Question 19.PS.5: Half-Life A sample of ^24Na initially undergoes 3.50 × 10^4 ......
Half-Life
A sample of ~^{24}Na initially undergoes 3.50 × 10^4 disintegrations per second (s^{-1}). After 24.0 h, its disintegration rate has fallen to 1.16 × 10^4 s^{-1}. What is the half-life of ~^{24}Na?
15.0 h
Strategy and Explanation We use Equation 19.2 relating activity (disintegration rate) at time zero and time t with the decay constant k. The experiment provided us with A, A_0, and the time.

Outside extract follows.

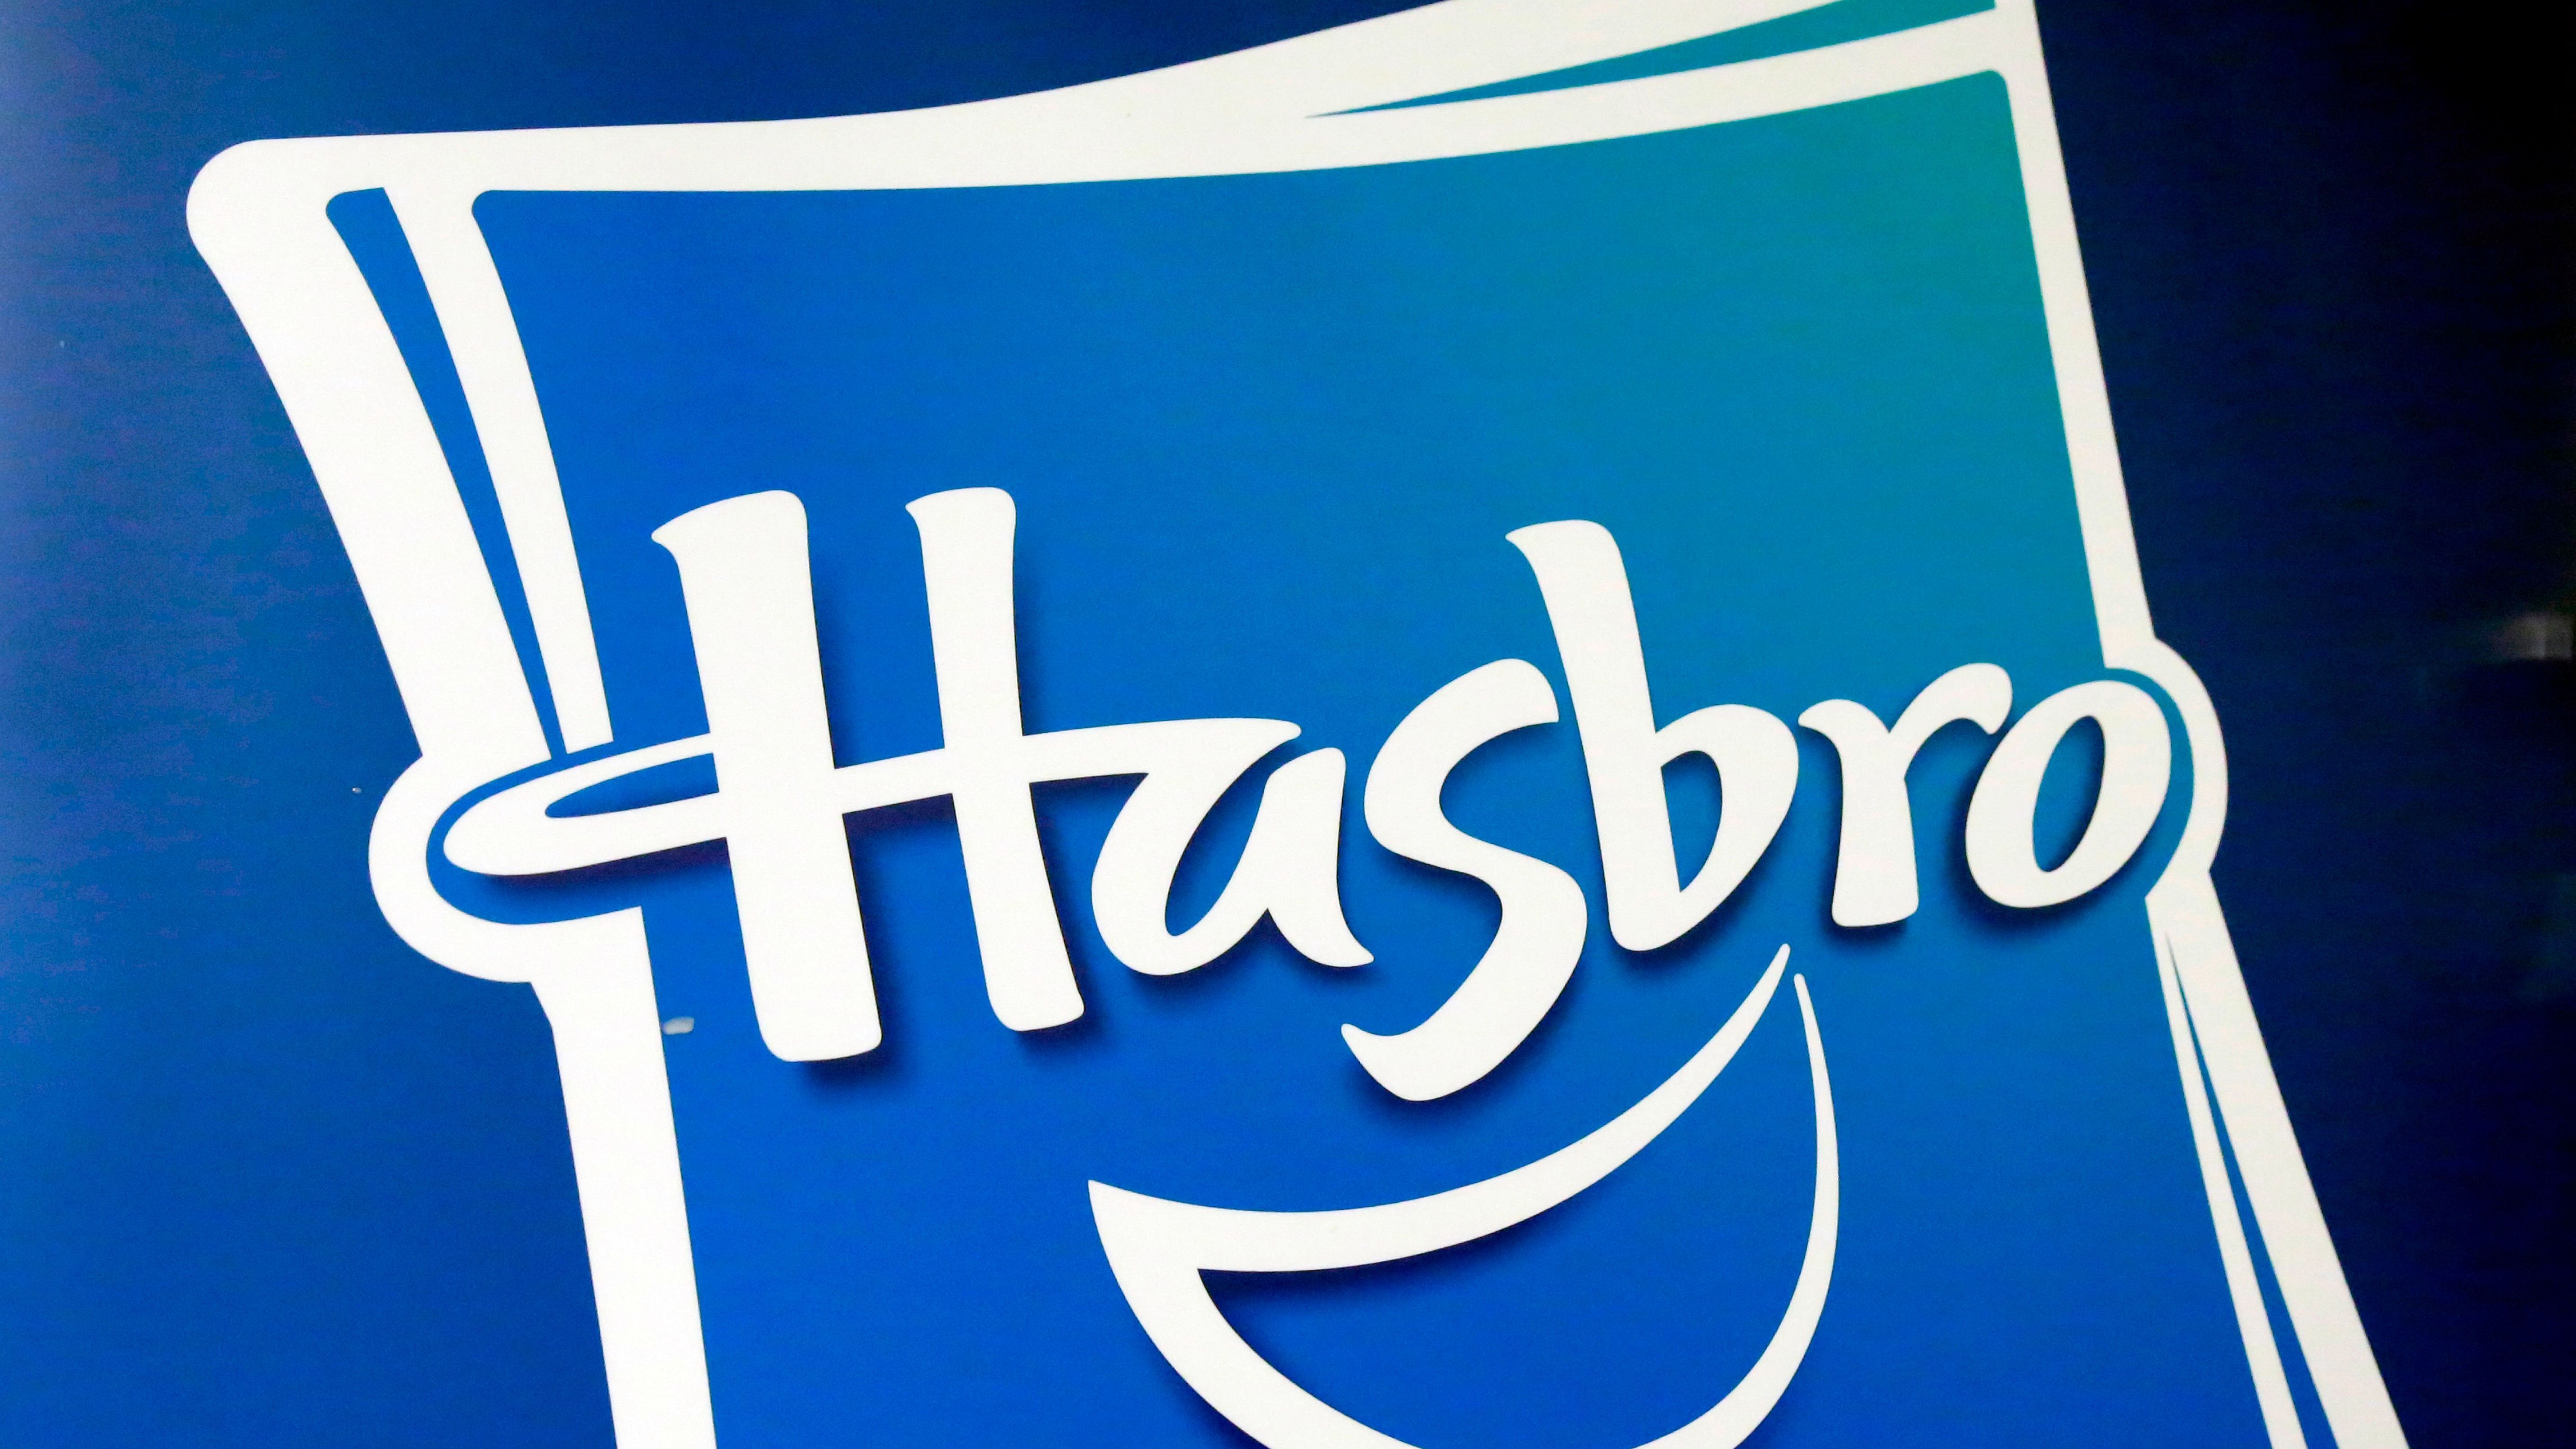 Der Spielzeug-Riese Hasbro kündigte einen Stellenabbau von 15 Prozent an. Das sind circa 1.000 Mitarbeiter:innen, von denen sich das Unternehmen in nächster Zeit trennen wird.

\ln \frac{A}{A_0} = – kt [19.2]
\ln (\frac{1.16 × 10^4 s^{-1}}{3.50 × 10^4 s^{-1}}) = \ln(0.331) = – k(24.0 h)
k = – \frac{\ln(0.331)}{24 h} = – (\frac{- 1.104}{24.0 h}) = 0.0460 h^{-1}
From k we can determine t_{1/2}.
t_{1/2} = \frac{0.693}{k} = \frac{0.693}{0.0460 h^{-1}} = 15.0 h
Reasonable Answer Check The activity (disintegration rate) fell to between one half and one quarter of its initial value in 24.0 h, so the half-life must be less than 24.0 h, and this agrees with our more accurate calculation.